EL GRITO

2005

by Dylcia Pagan

 

While thousands of Puerto Ricans on the island/ nation of Puerto Rico were commemorating el Grito de Lares, our national day of revolutionary struggle against Spanish colonialism, and were listening to the annual message of our Comandante Filiberto Ojeda Rios, the feds chose to begin their attack on his home.  This was not a routine arrest of a “criminal”.   On the contrary, it was a planned military assassination of one of our most important leaders in the struggle for Puerto Rican independence.


Puerto Ricans from all walks of life recognized and protested against the cowardly and inhumane act of the feds who held his hometown of Hormigueros under federal seizure for 36 hours, did not allow Filiberto to meet with a legal negotiator, the press or his family, and instead shot more than 100 bullets at him and then allowed him to bleed to death.

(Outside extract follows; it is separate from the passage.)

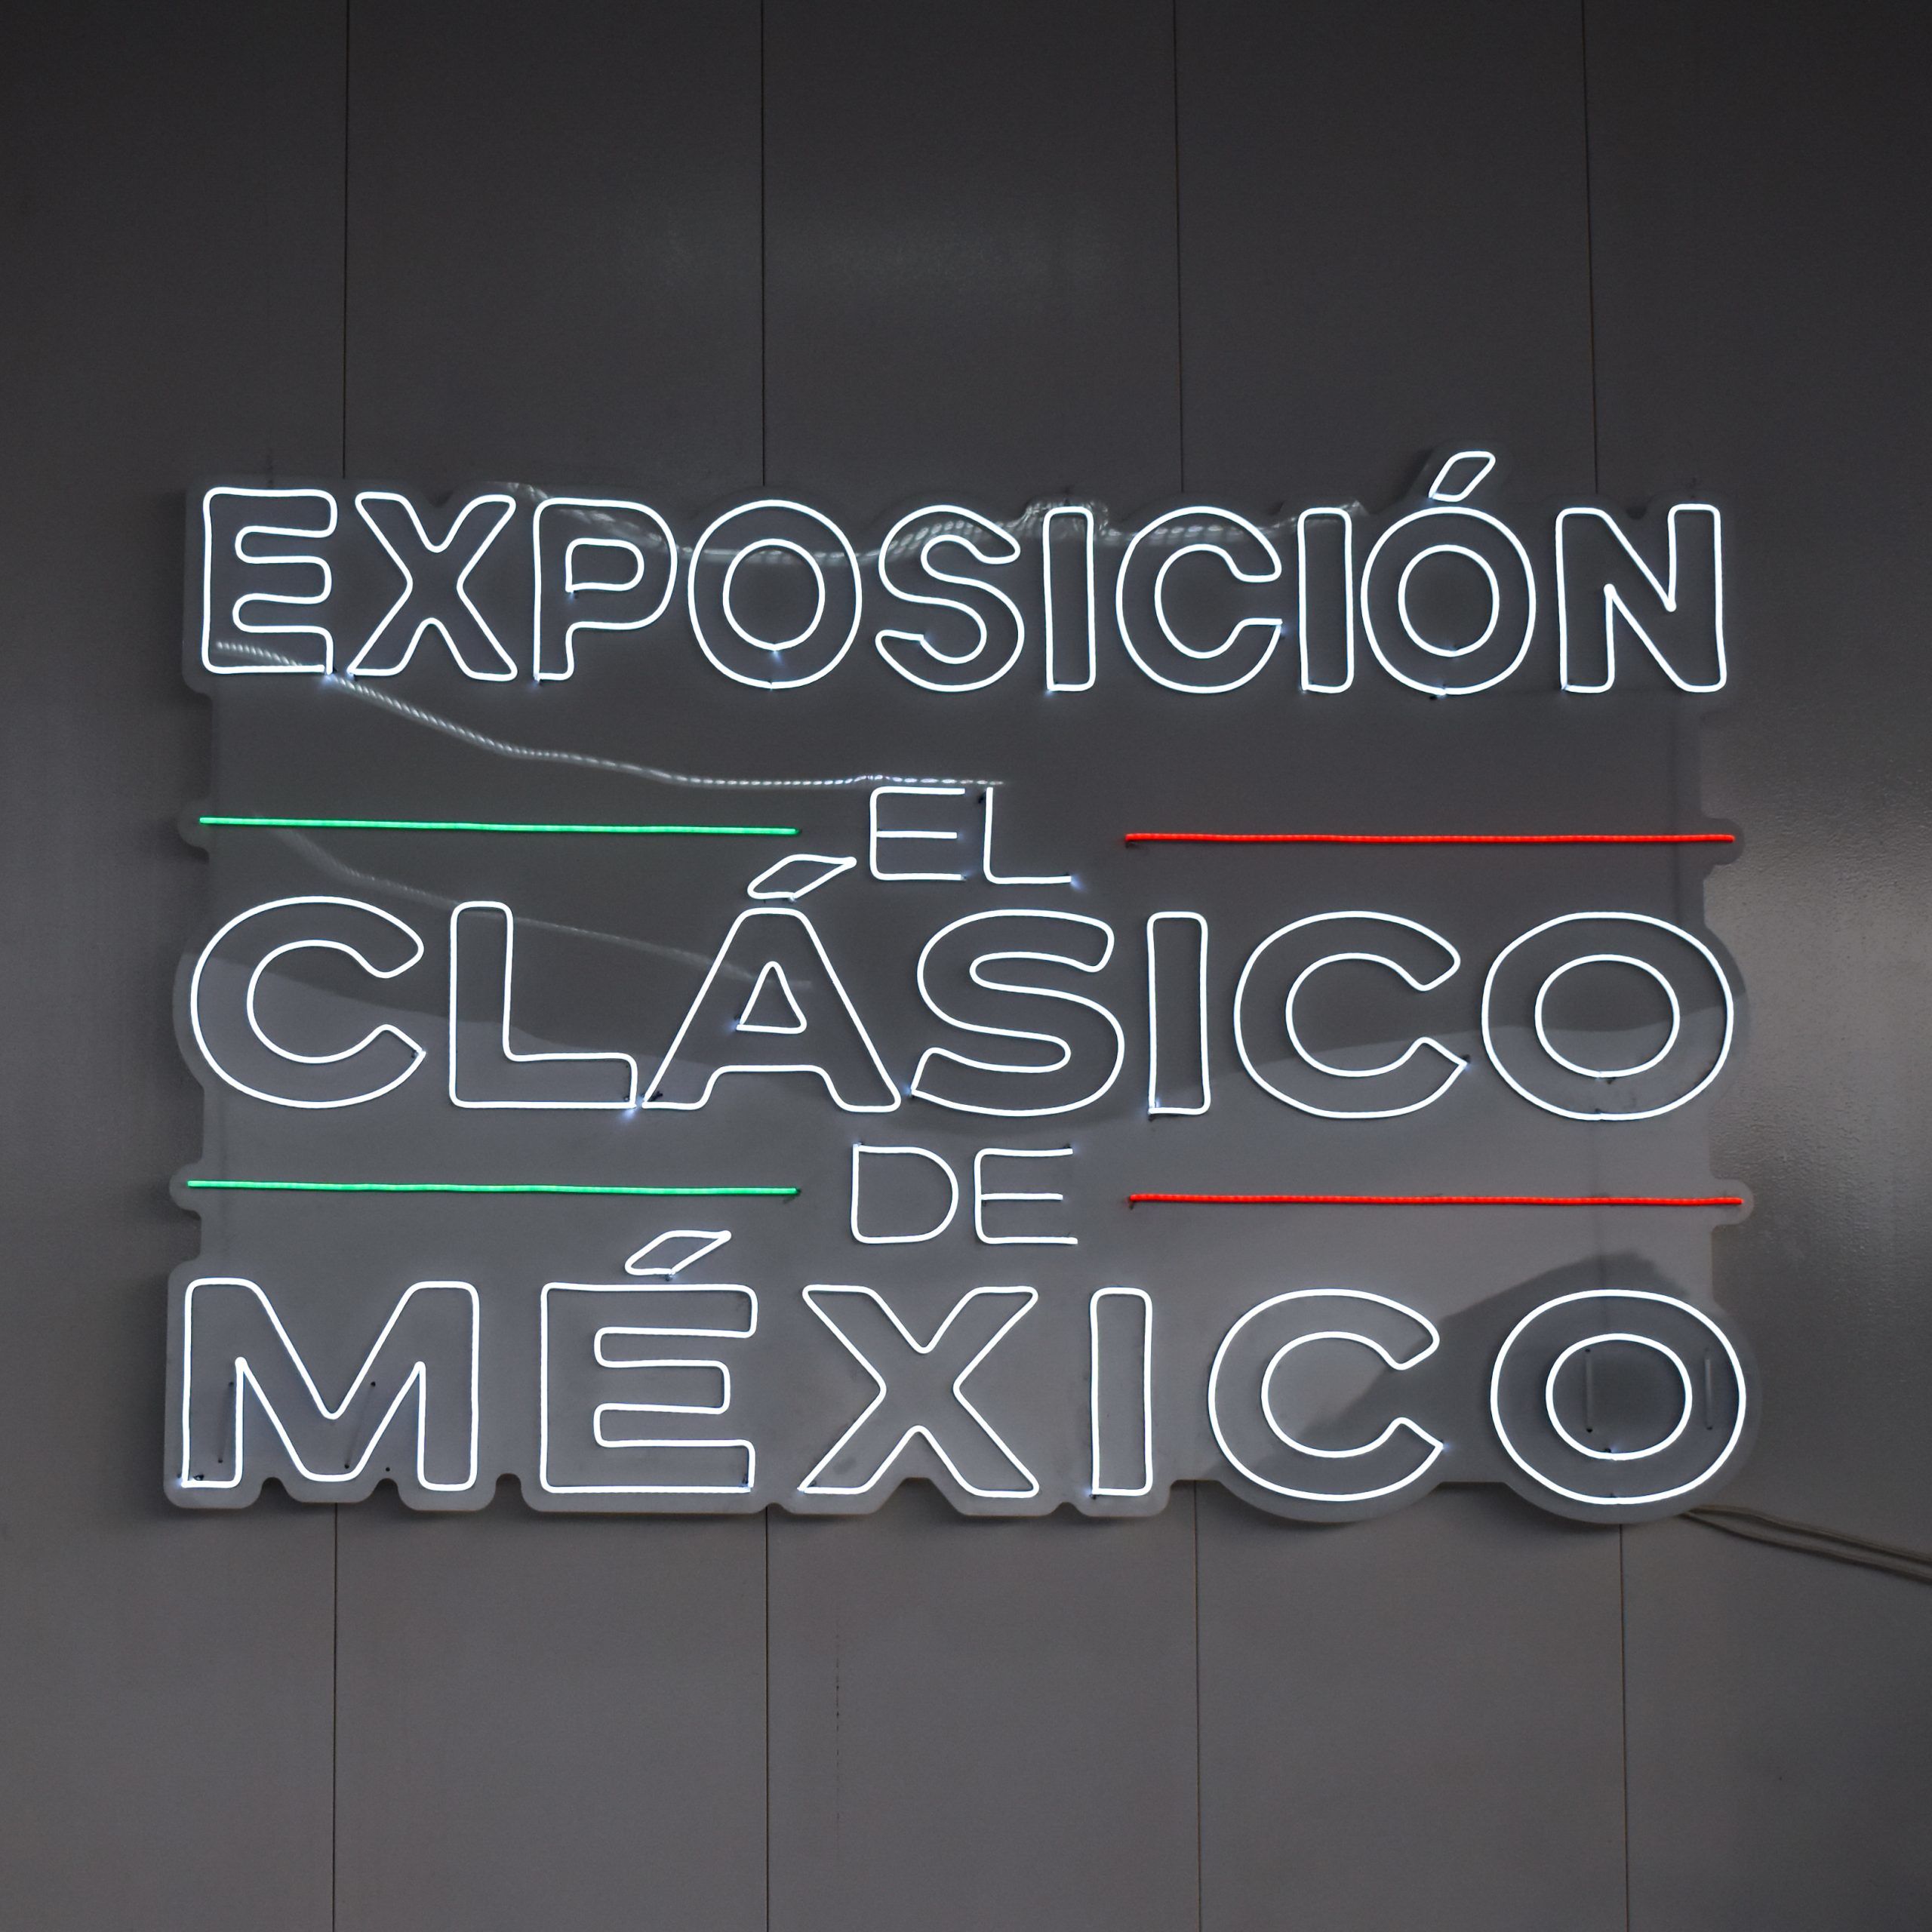 Los archirivales de la Liga MX unidos en una exposición

But Comandante Filiberto was our Puerto Rican Che Guevara who also died as the combatant that he always was: with his combat boots and fatigues on, battling the enemy until the very end.

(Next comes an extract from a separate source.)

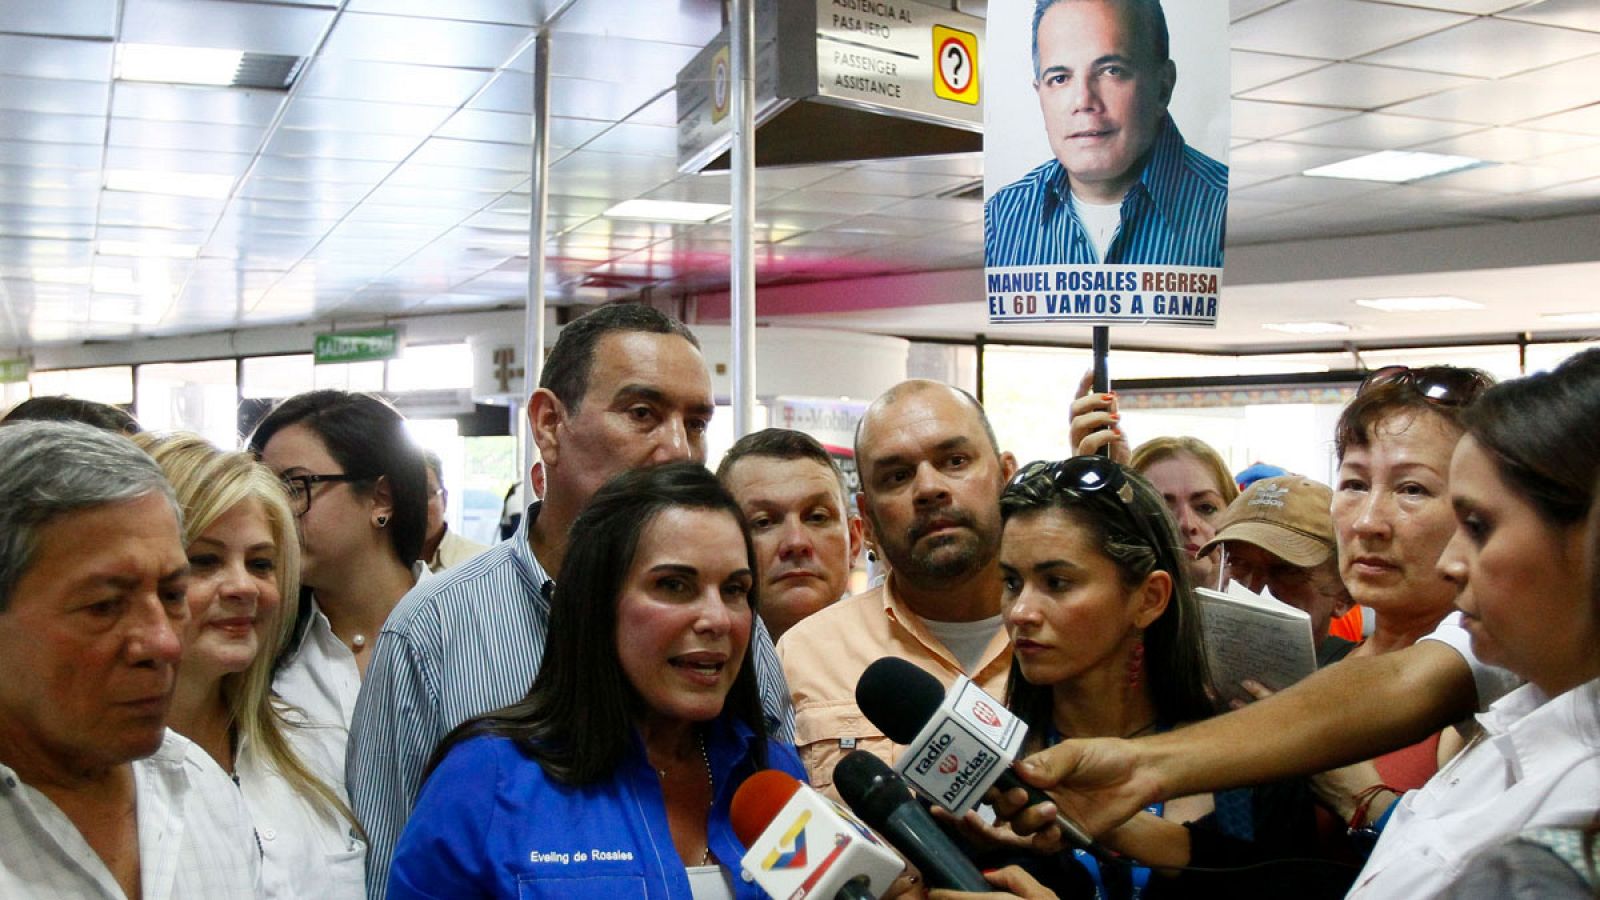 La esposa de Rosales y alcaldesa de Maracaibo charla con un grupo de periodistas antes de la llegada del opositor.
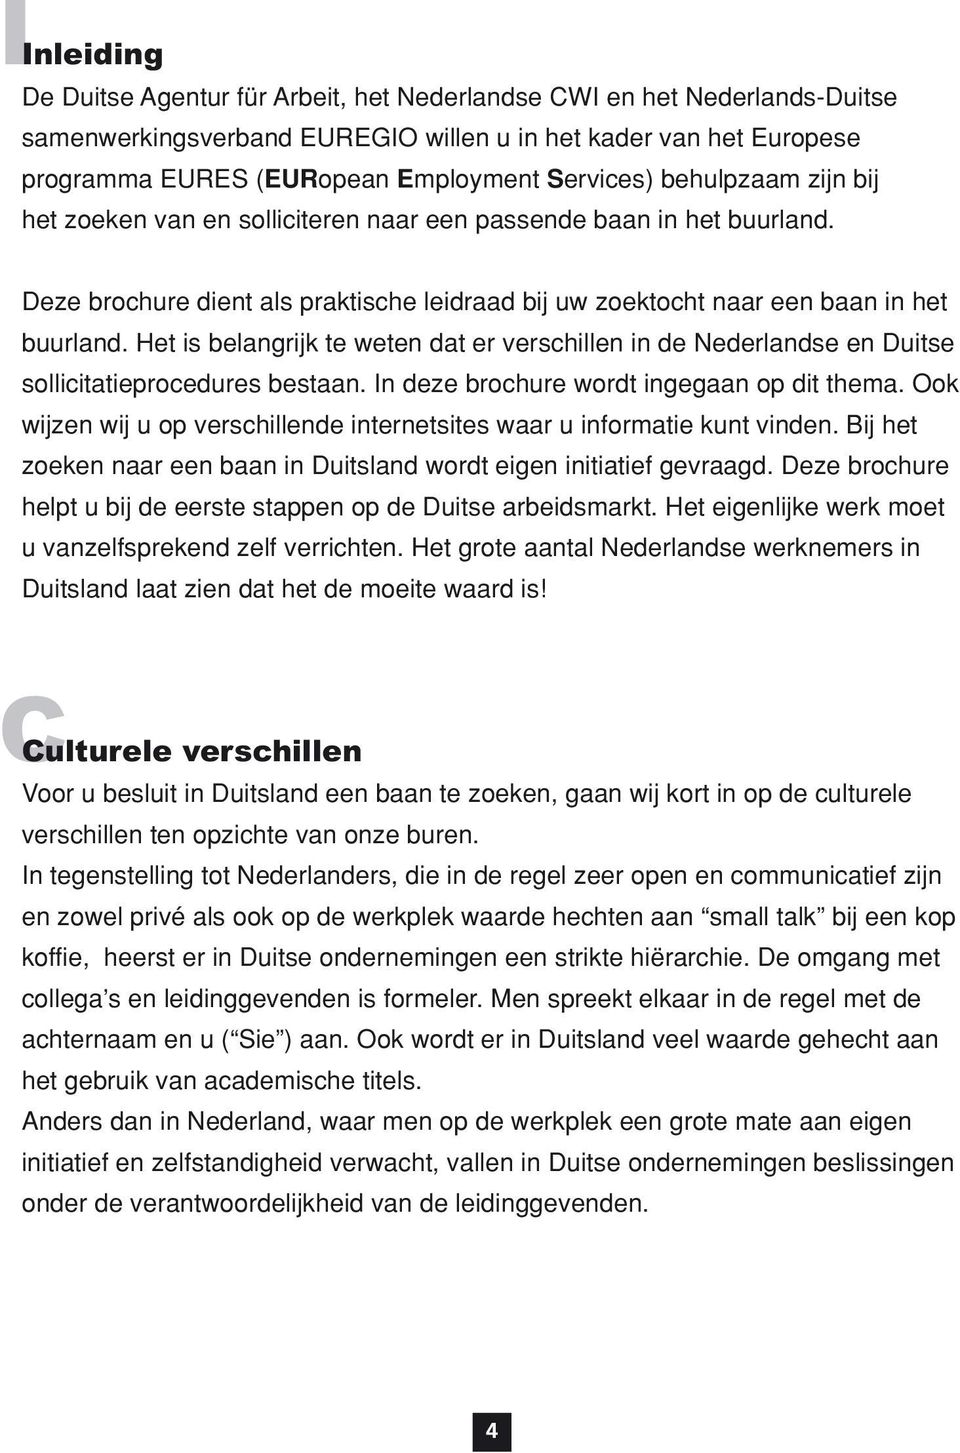 Het is belangrijk te weten dat er verschillen in de Nederlandse en Duitse sollicitatieprocedures bestaan. In deze brochure wordt ingegaan op dit thema.

Filiberto was the leader of Los Macheteros del Ejercito Popular Boricua, who with his wife Beatrice had been in clandestinity for fifteen years.  His trajectory of armed struggle for the liberation of our nation Puerto Rico has a long history spanning several decades.


Filiberto’s funeral is said to have been the most attended in Puerto Rican history. There were thousands of children, senior citizens and workers of all walks of life standing along the highway with clenched fists and hands by their hearts chanting “¡Filiberto Vive!”, and every crossway was filled with people holding placards that stated clearly: “¡FBI Asesino!”. The funeral itself was transformed by our people into a massive act of Puerto Rican resistance. Every inch of the cemetery and the streets surrounding it were filled with supporters, Puerto Rican flags and the continuous chanting of: “¡Todo Boricua Machetero!”. There was no sense of fear, no reneging on Filiberto’s promise of a free and sovereign Puerto Rico.

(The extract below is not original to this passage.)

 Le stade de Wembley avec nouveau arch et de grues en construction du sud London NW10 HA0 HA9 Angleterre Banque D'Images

What has also transpired is a profound solidarity from nations such as Cuba, Venezuela, Chile, Nicaragua, and the Native American and Black Liberation movements in the united states. Comandante Filiberto Ojeda Rios now lives in the soul and spirit of all those who struggle for freedom.


If the u.s. government thought even for a moment that their cowardly assassination of Comandante Filiberto Ojeda Rios would weaken our struggle for national liberation, they were wrong. The Puerto Rican people now more than ever recognize that in 1868 El Grito de Lares represented the foremost revolutionary act against Spanish colonialism and today, in 2005, El Grito de Lares represents our cry to end u.s. colonial rule over our nation, Puerto Rico.


¡Viva Puerto Rico Libre y Soberana!

¡Filiberto Vive!


NOTE: Dylcia Pagan is a heroine of the Puerto Rican people.  She has made incredible sacrifices in her life to free her country.  She was forced to give up her one and only son to be raised by strangers before being arrested and sentenced to 55 years in u.s. prisons.  She served 20 years as a Puerto Rican prisoner of war and political prisoner. She was released by President Clinton in 1999 along with 10 other Puerto Rican prisoners of war and political prisoners through the efforts of the Puerto Rican people and others working in solidarity. She has returned to her homeland where she and her son continues to struggle for the independence of Puerto Rico.